TASK BRIEF: Your output should be the lines below from the one with "De gauche a" through the one with "TMG Industrial 30-70", copied exactly, pictures excluded.

====== PROVIDED DATA ======

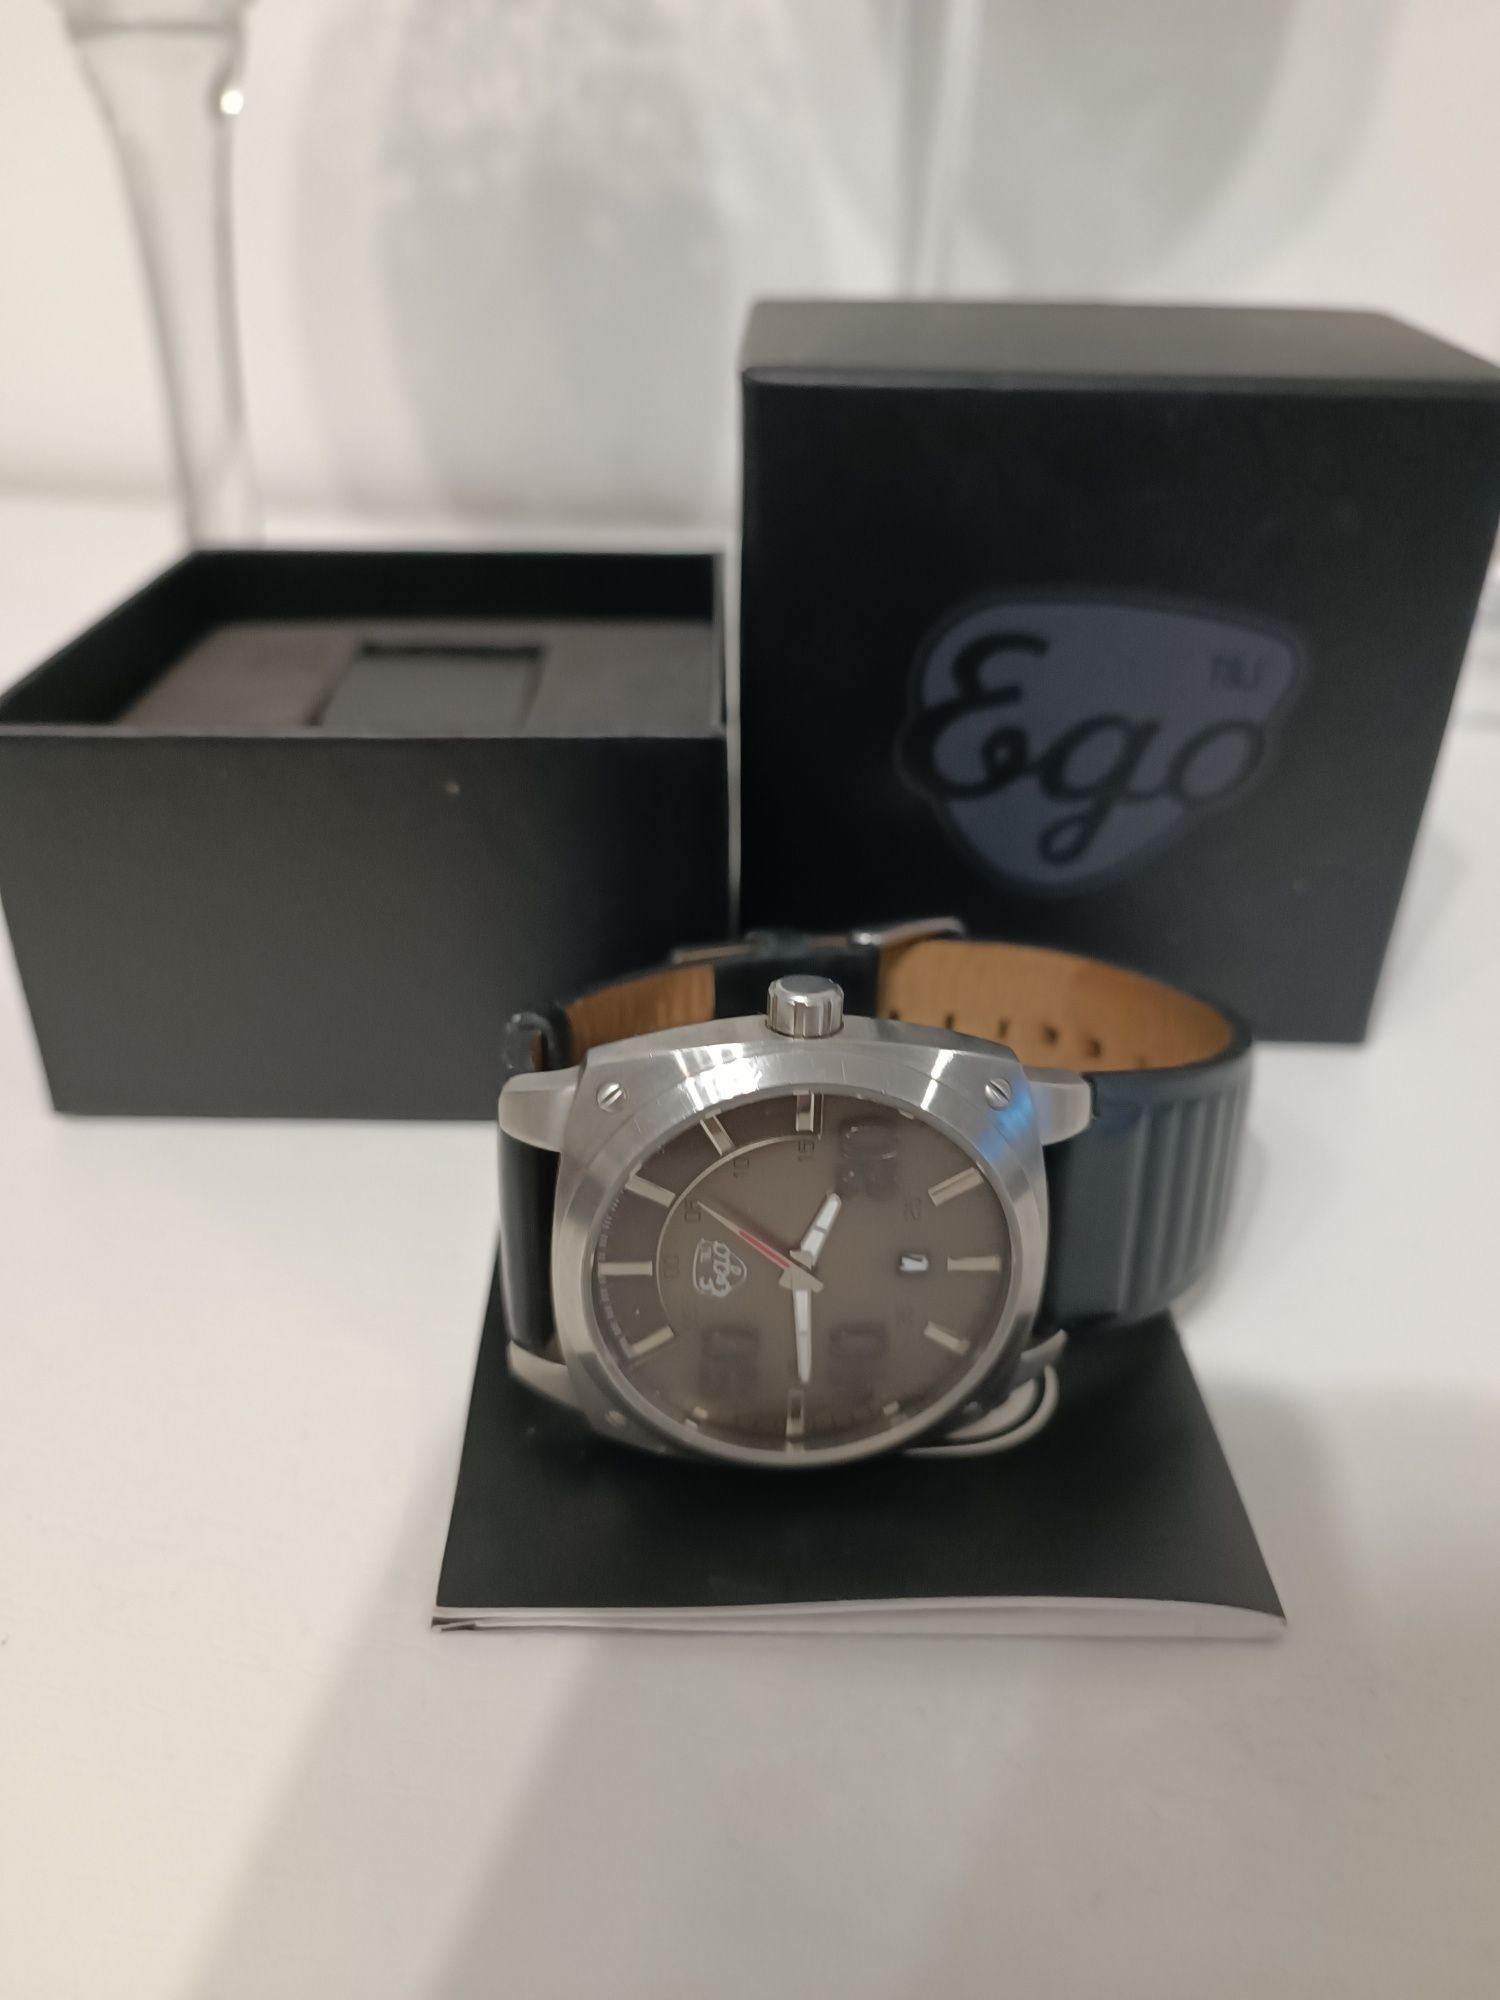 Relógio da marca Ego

======
====== PROVIDED DATA ======

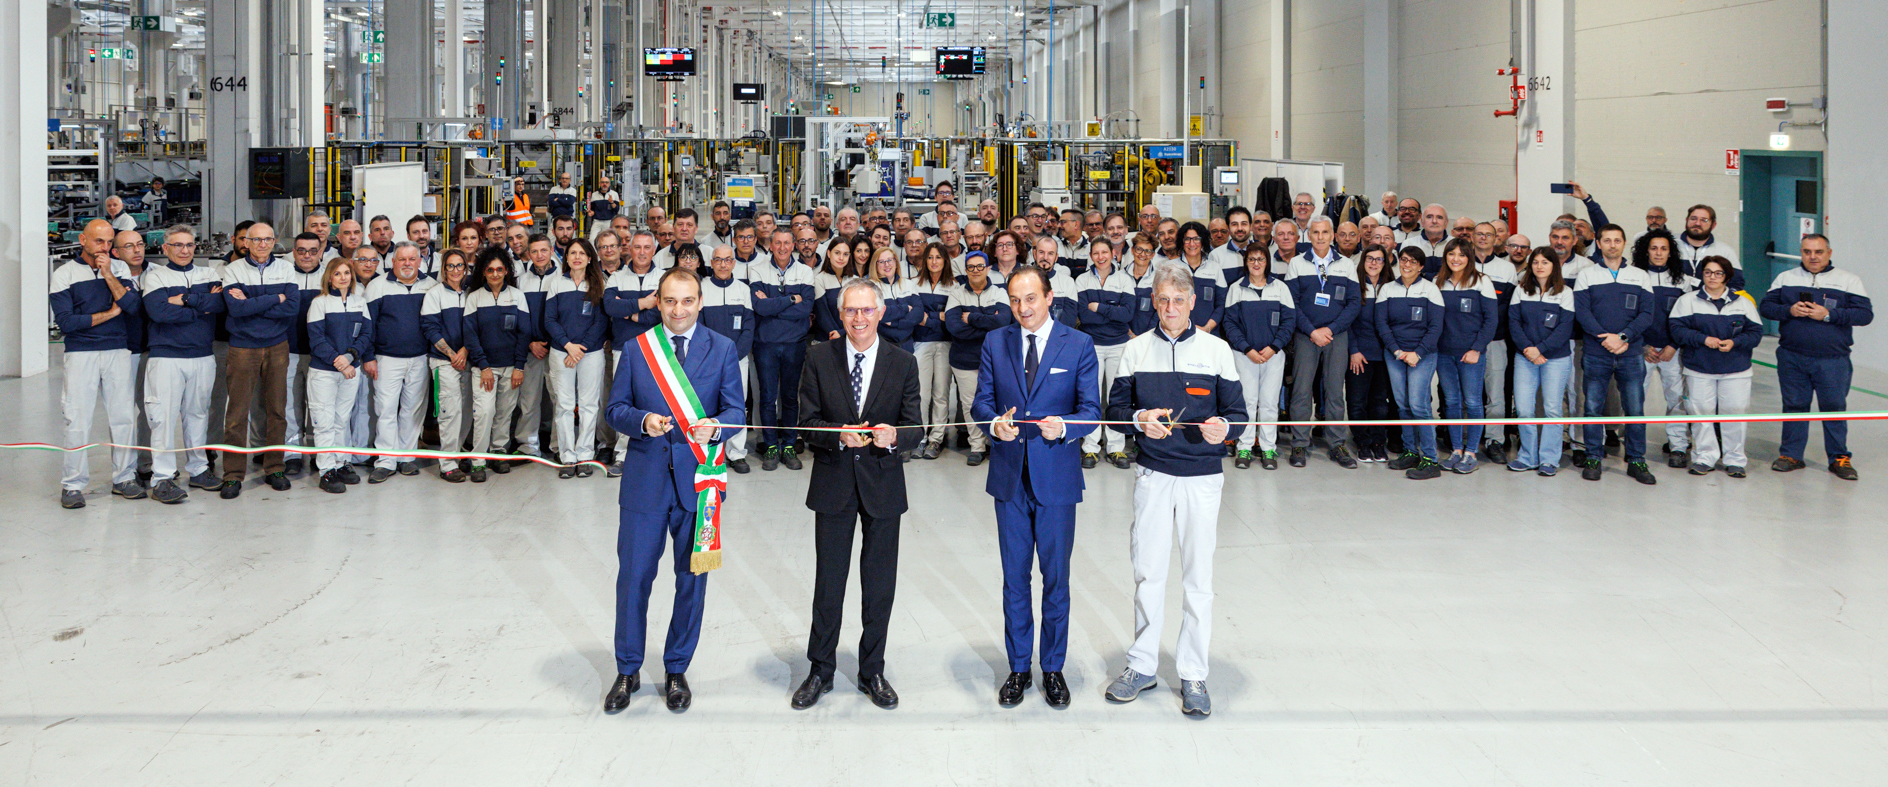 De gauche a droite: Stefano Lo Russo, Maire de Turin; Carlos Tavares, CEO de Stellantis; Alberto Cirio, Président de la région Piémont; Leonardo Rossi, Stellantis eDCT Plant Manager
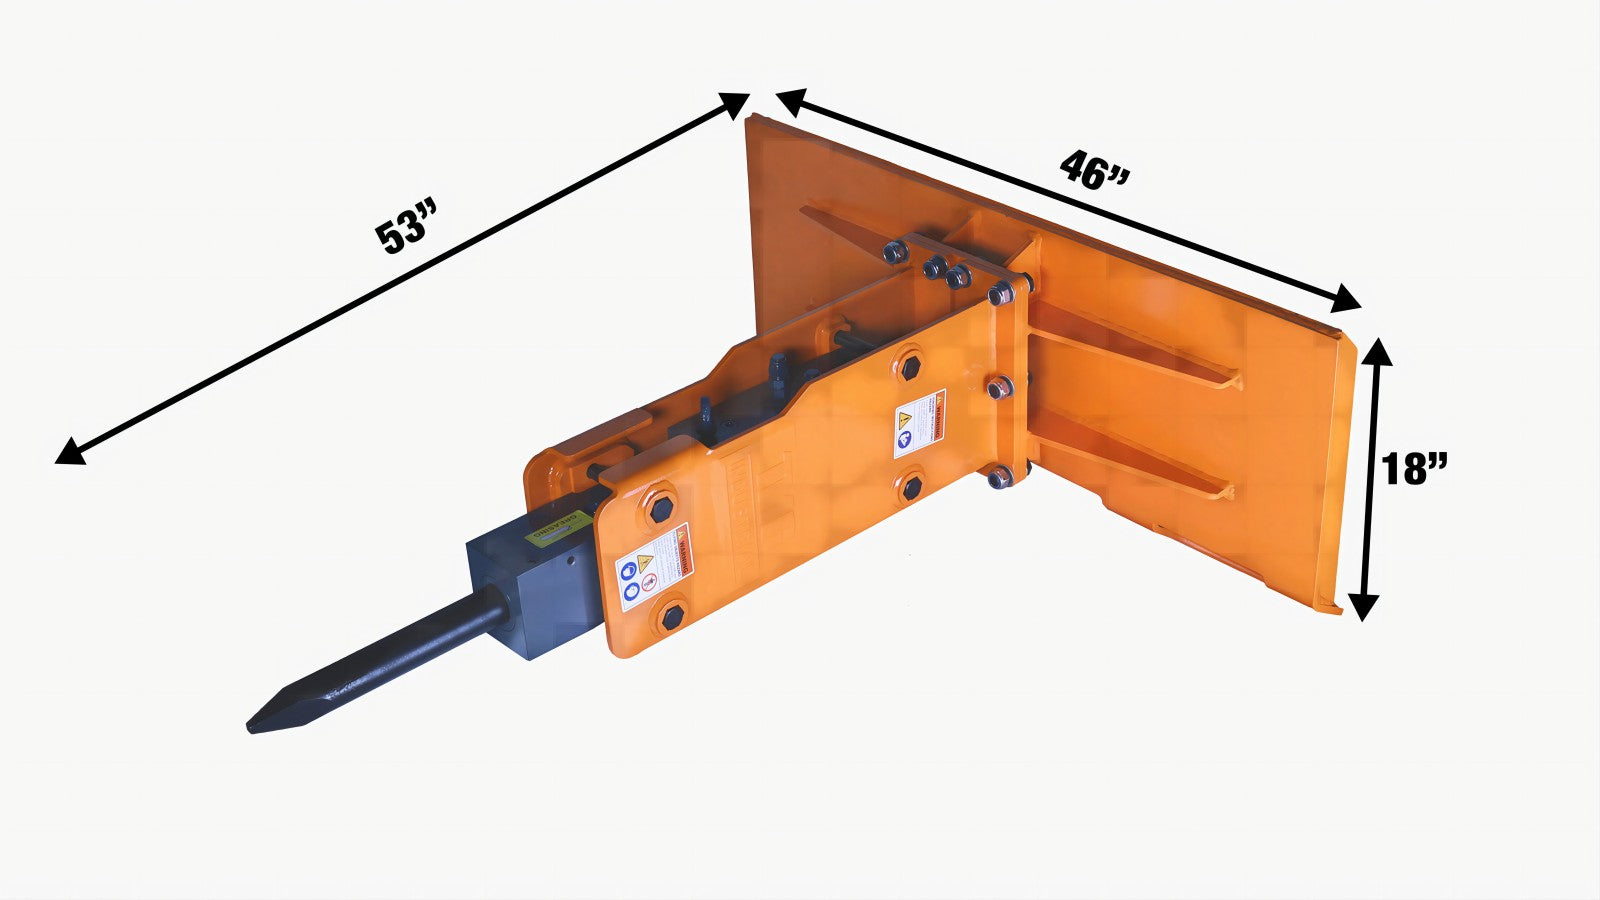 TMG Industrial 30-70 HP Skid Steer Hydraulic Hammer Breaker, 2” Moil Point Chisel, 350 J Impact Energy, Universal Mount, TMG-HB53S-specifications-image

======
====== PROVIDED DATA ======

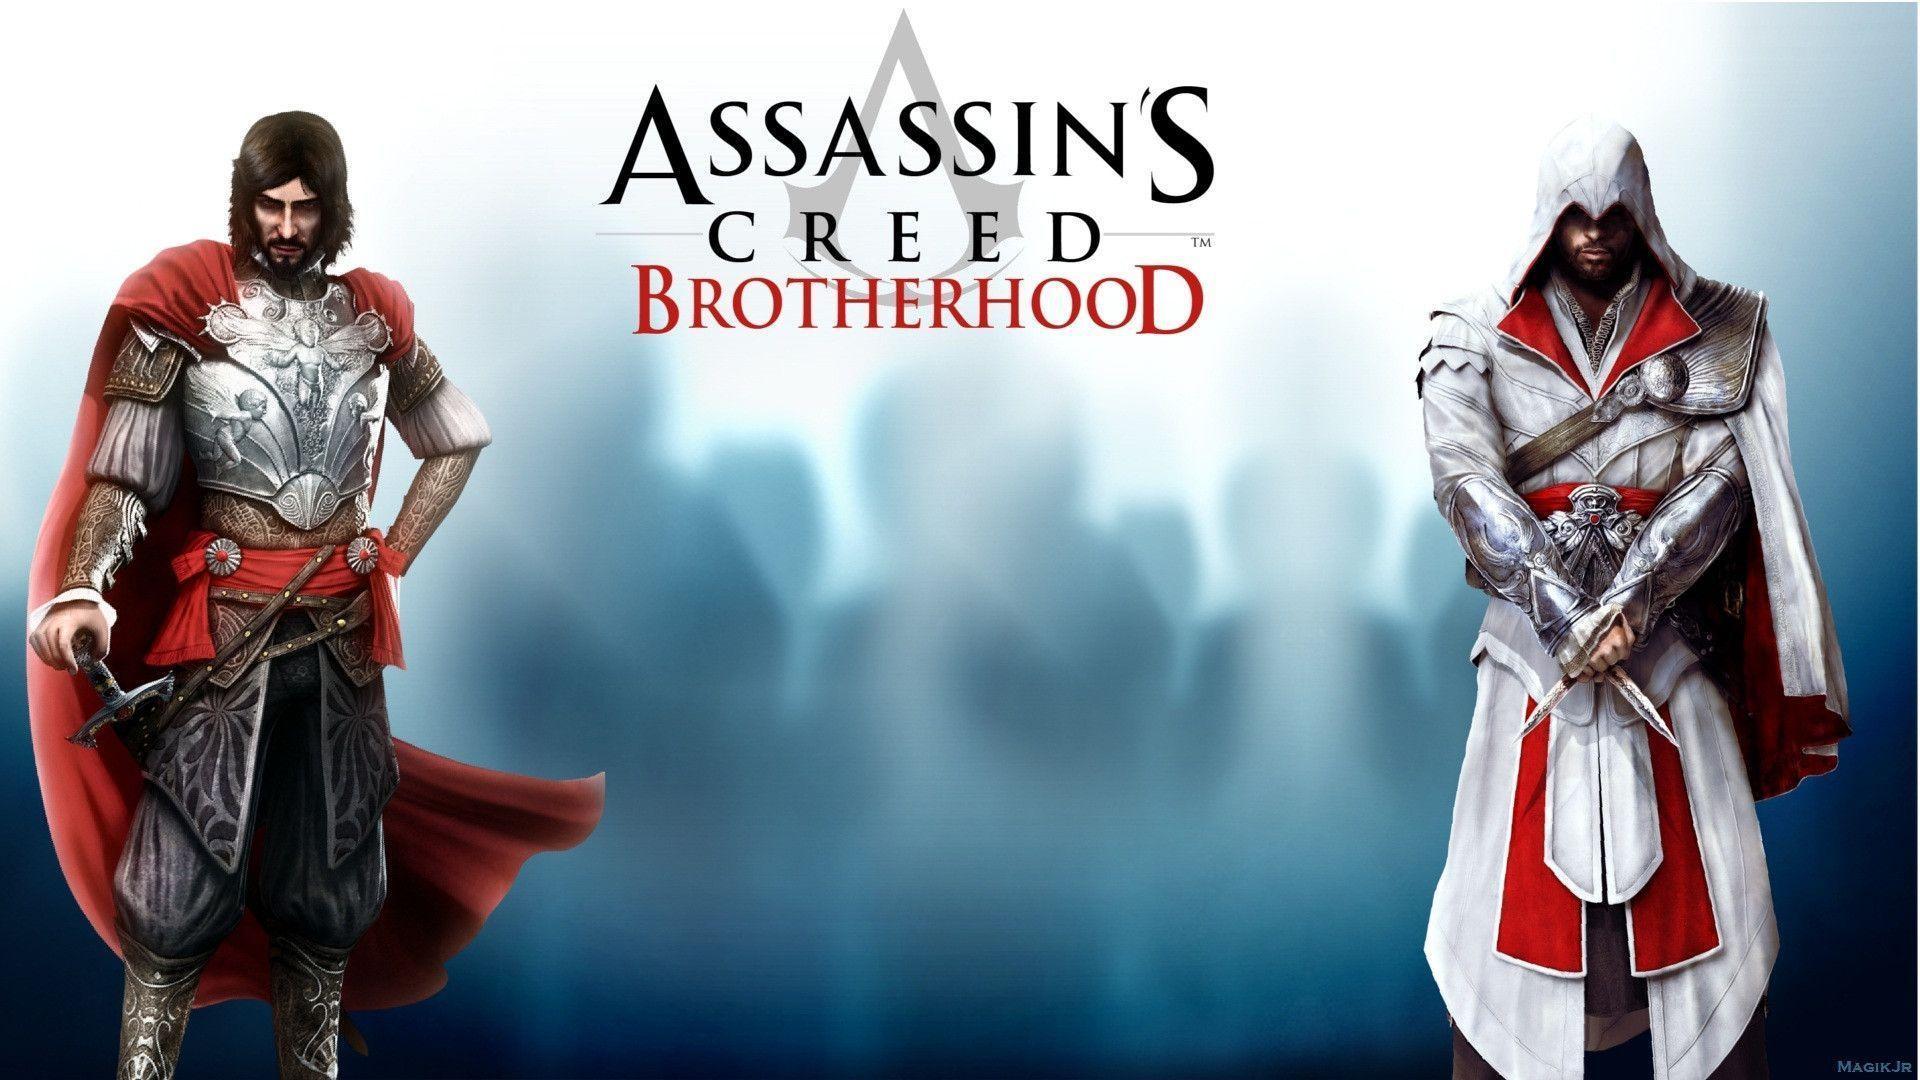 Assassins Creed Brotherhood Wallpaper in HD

======

SOLUTION BELOW:
 De gauche a droite: Stefano Lo Russo, Maire de Turin; Carlos Tavares, CEO de Stellantis; Alberto Cirio, Président de la région Piémont; Leonardo Rossi, Stellantis eDCT Plant Manager
 TMG Industrial 30-70 HP Skid Steer Hydraulic Hammer Breaker, 2” Moil Point Chisel, 350 J Impact Energy, Universal Mount, TMG-HB53S-specifications-image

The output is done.